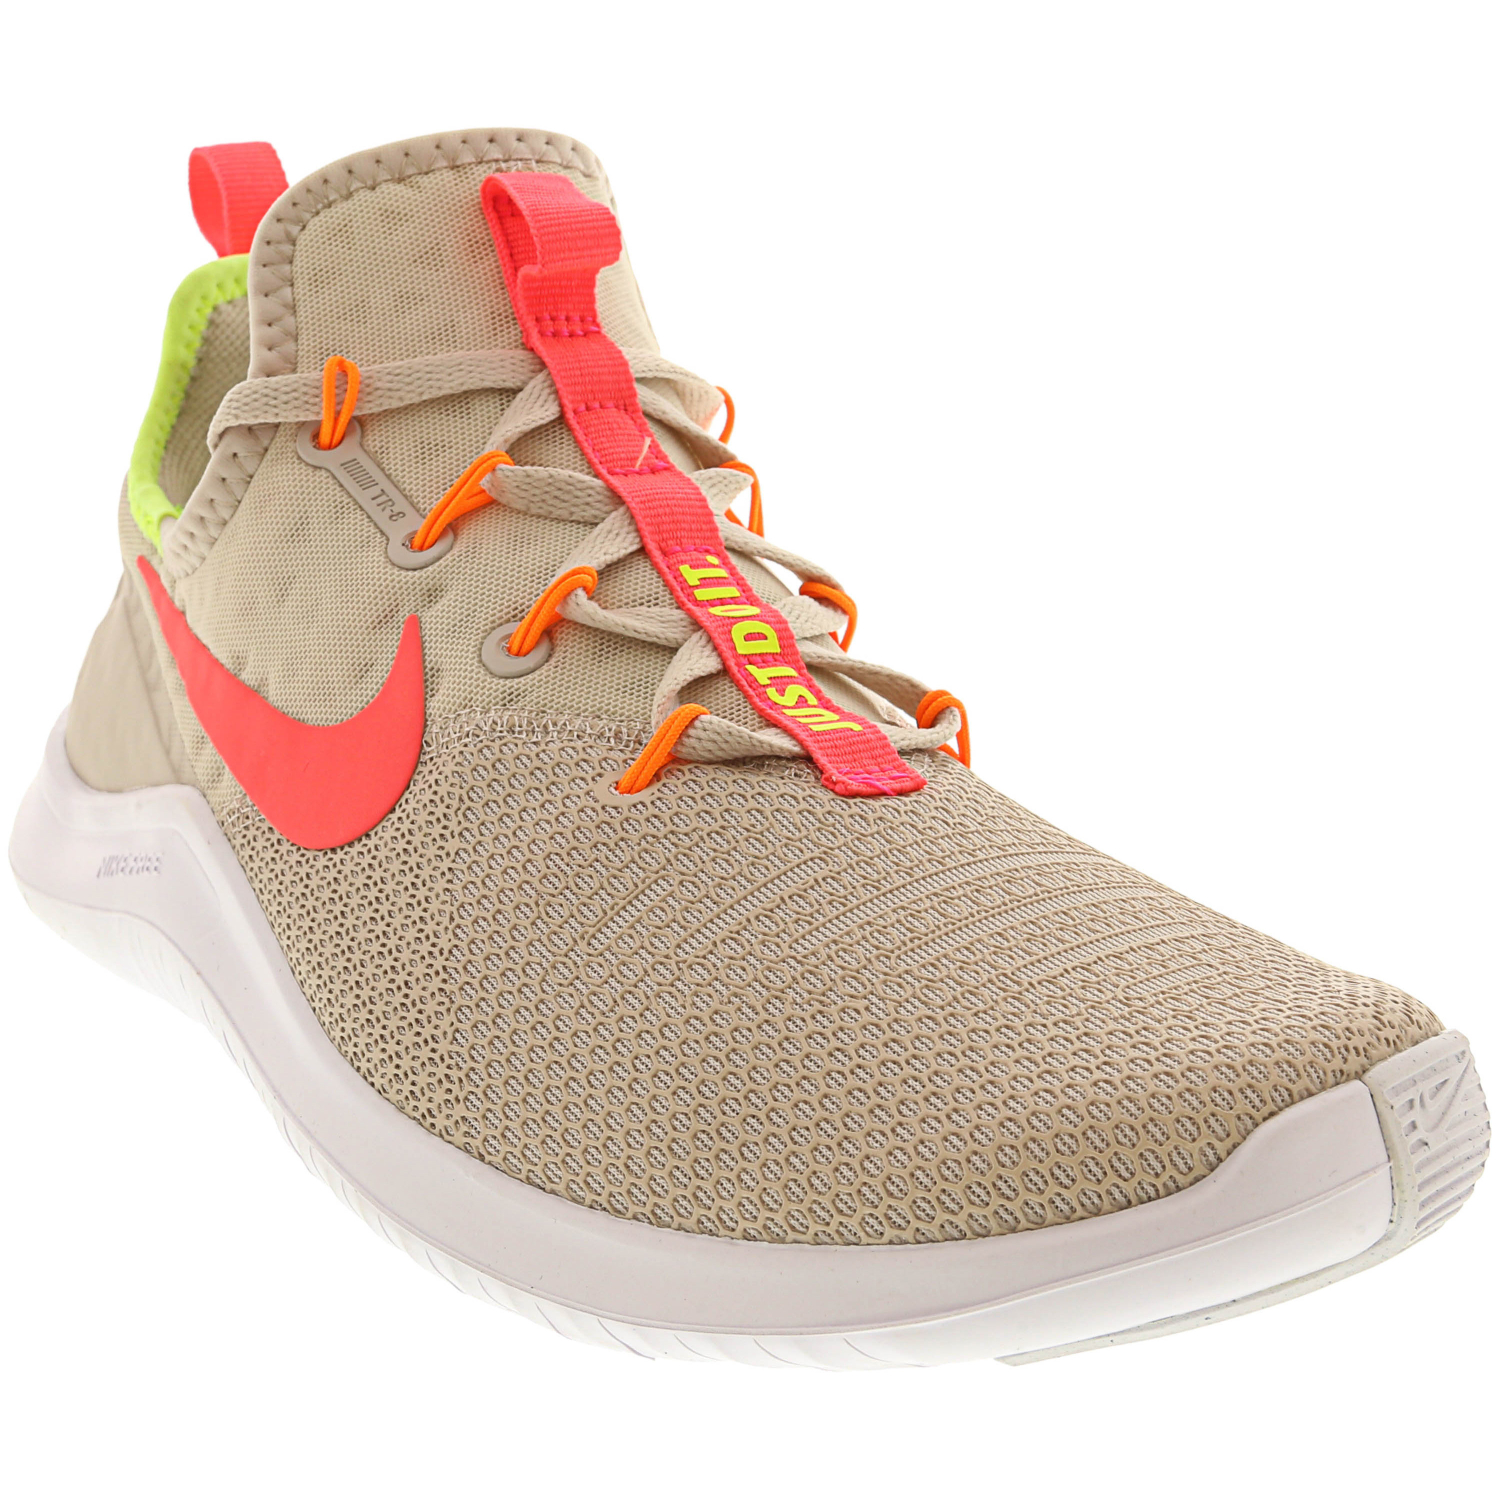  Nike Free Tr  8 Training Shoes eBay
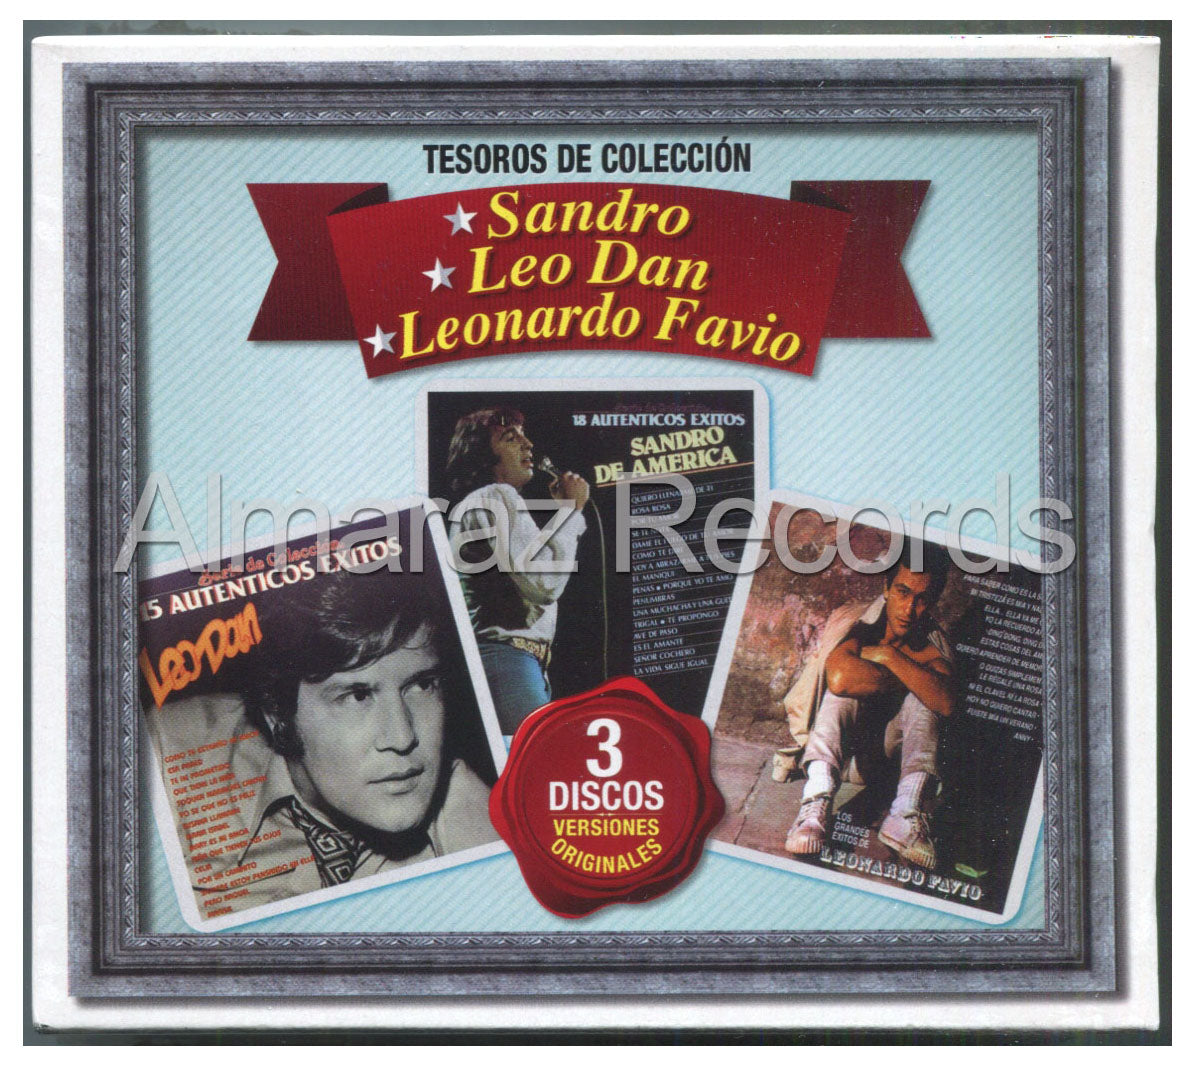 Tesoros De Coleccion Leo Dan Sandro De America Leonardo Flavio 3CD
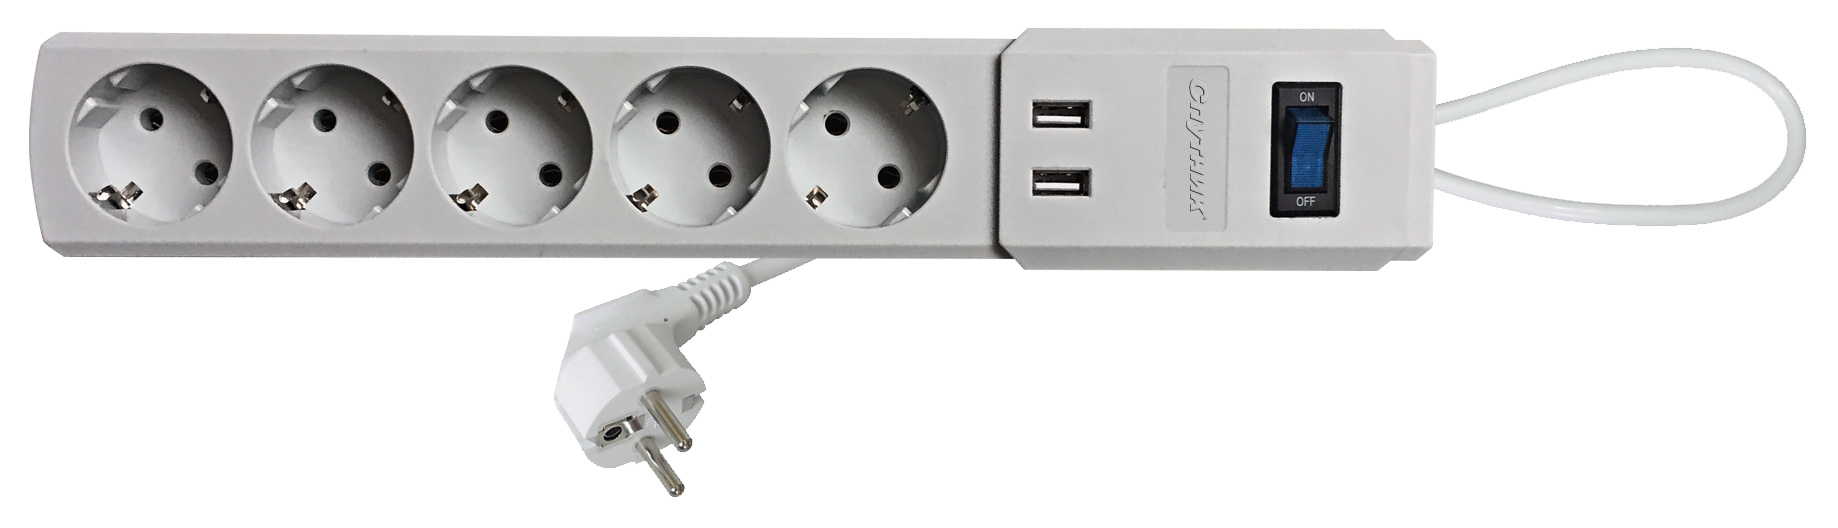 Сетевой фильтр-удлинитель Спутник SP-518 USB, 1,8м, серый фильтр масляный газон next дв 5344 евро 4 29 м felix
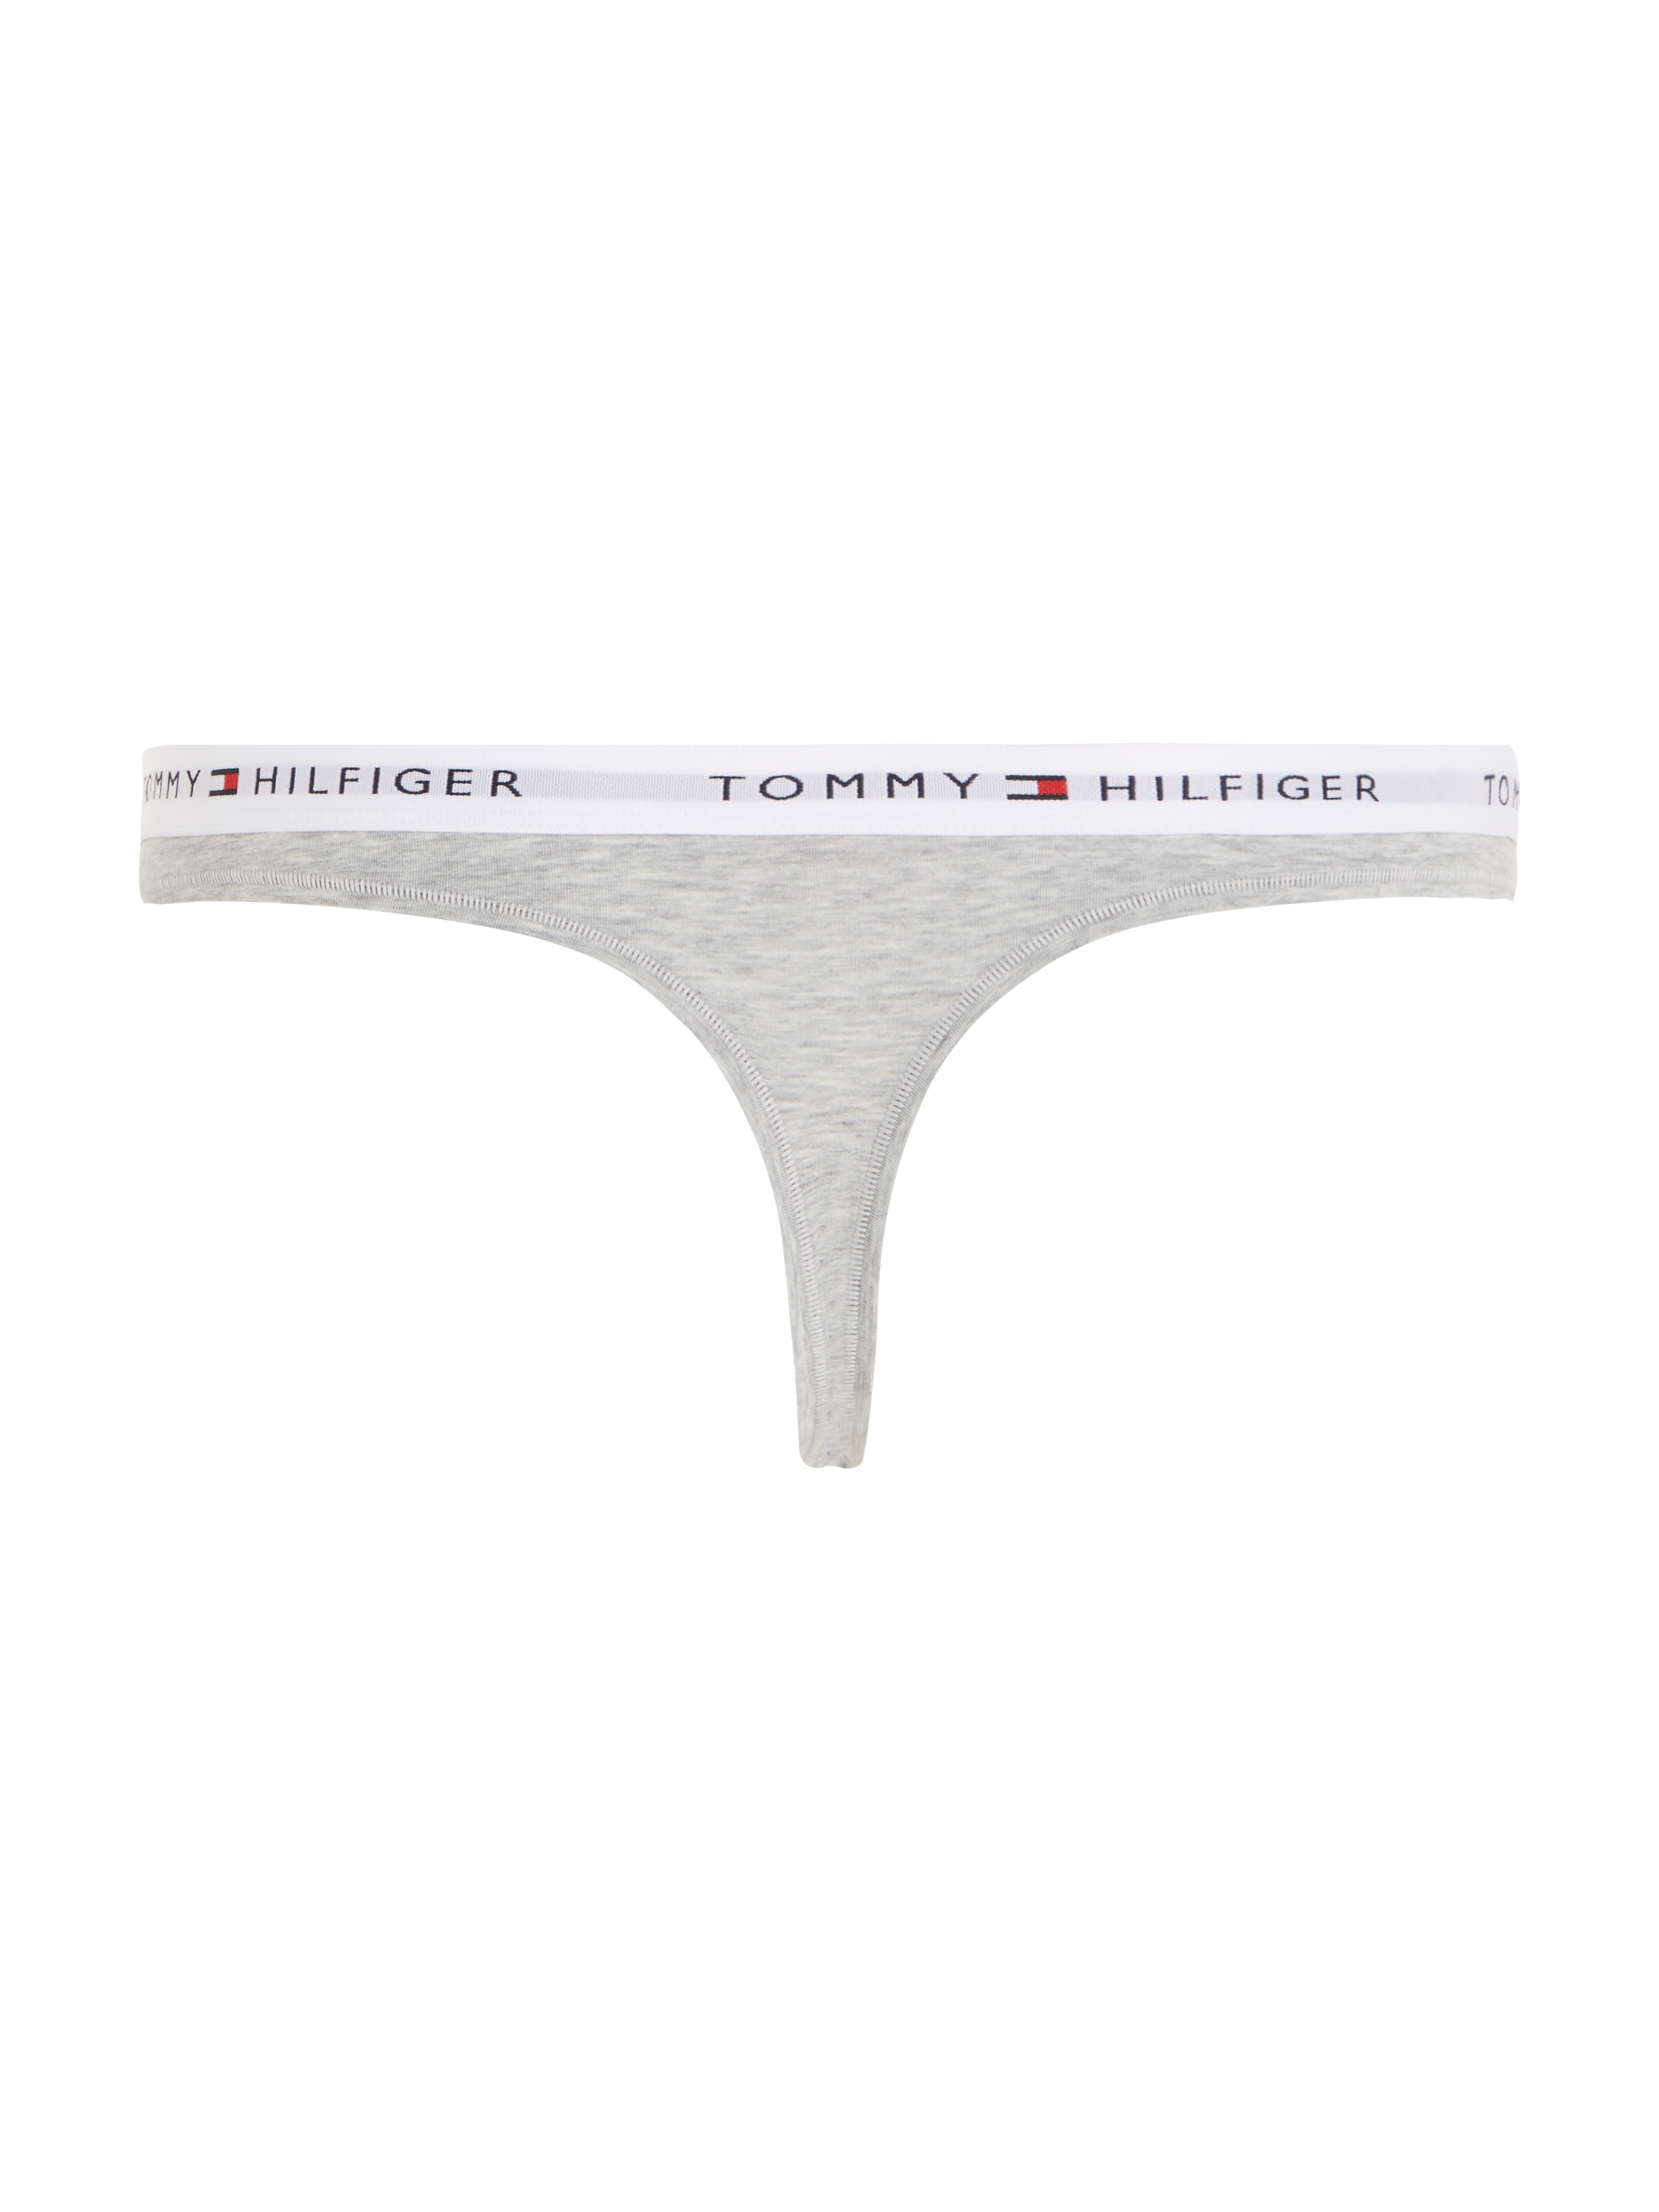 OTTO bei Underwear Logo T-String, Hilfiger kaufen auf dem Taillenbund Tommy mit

+ + +

* [WHAT IS EXPECTED]: Skip the pictures, then return the rest of the data exactly.

* [WRITTEN SOLUTION]:
  Nike Free Tr  8 Training Shoes eBay
 Tesoros De Coleccion Leo Dan Sandro De America Leonardo Flavio 3CD
 Сетевой фильтр-удлинитель Спутник SP-518 USB, 1,8м, серый фильтр масляный газон next дв 5344 евро 4 29 м felix
 OTTO bei Underwear Logo T-String, Hilfiger kaufen auf dem Taillenbund Tommy mit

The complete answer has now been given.